How to guess a particular solution for a non-homogeneous differential equation with purely imaginary eigenvalues.
By Mia Morrison •
Take for example
$$y''+5y'+4y=e^{-x}$$
solving the characteristic we have $\lambda_1=-1,\lambda_2=-4$ thus
$$y_c=c_1e^{-x}+c_2e^{-4x}$$
in this case we can guess the particular solution to be
$$y_p=axe^{-x}$$
My question, how can we guess a particular solution of the form
$$y''+4y=\cos(2x)$$
I tried $y_p=x(c_1\cos(2x)+c_2\sin(2x))$ but it doesn't work. What is the idea behind such type of problems. If you have any reference please include it here.
1 Answer
$\begingroup$You are correct.

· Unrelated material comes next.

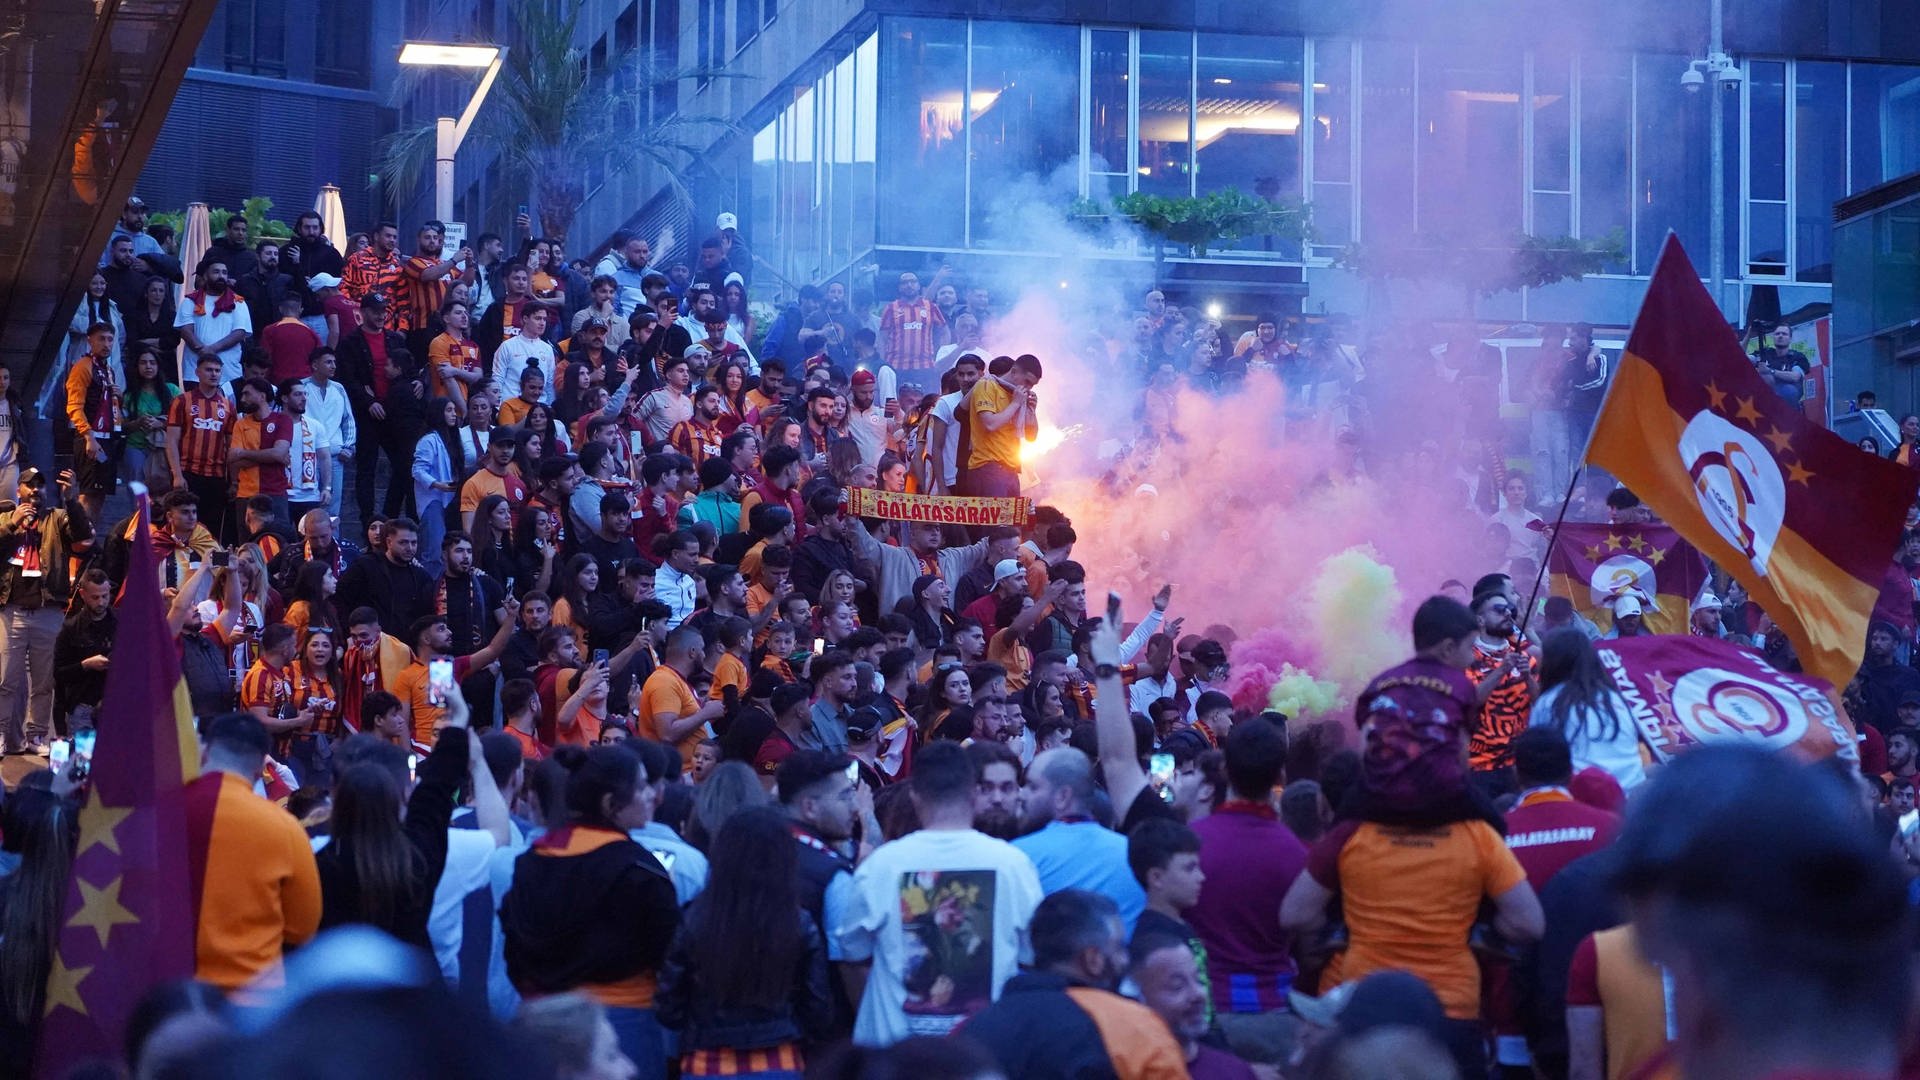 Türkische Fußball-Meisterschaft: Fans feiern in Stuttgart - 18 Festnahmen

If we let
$$y_p(x) = x (a \cos (2 x)+b \sin (2 x))$$
Then
$$y'' + 4y = 4 b \cos (2 x)-4 a \sin (2 x) = \cos(2x)$$
This gives us $a = 0, b = 1/4$, so the final solution is
$$y(x) = y_h(x) + y_p(x) = c_1 \cos(2x) + c_2 \sin(2x) + \dfrac{1}{4} x \sin(2x)$$
$\endgroup$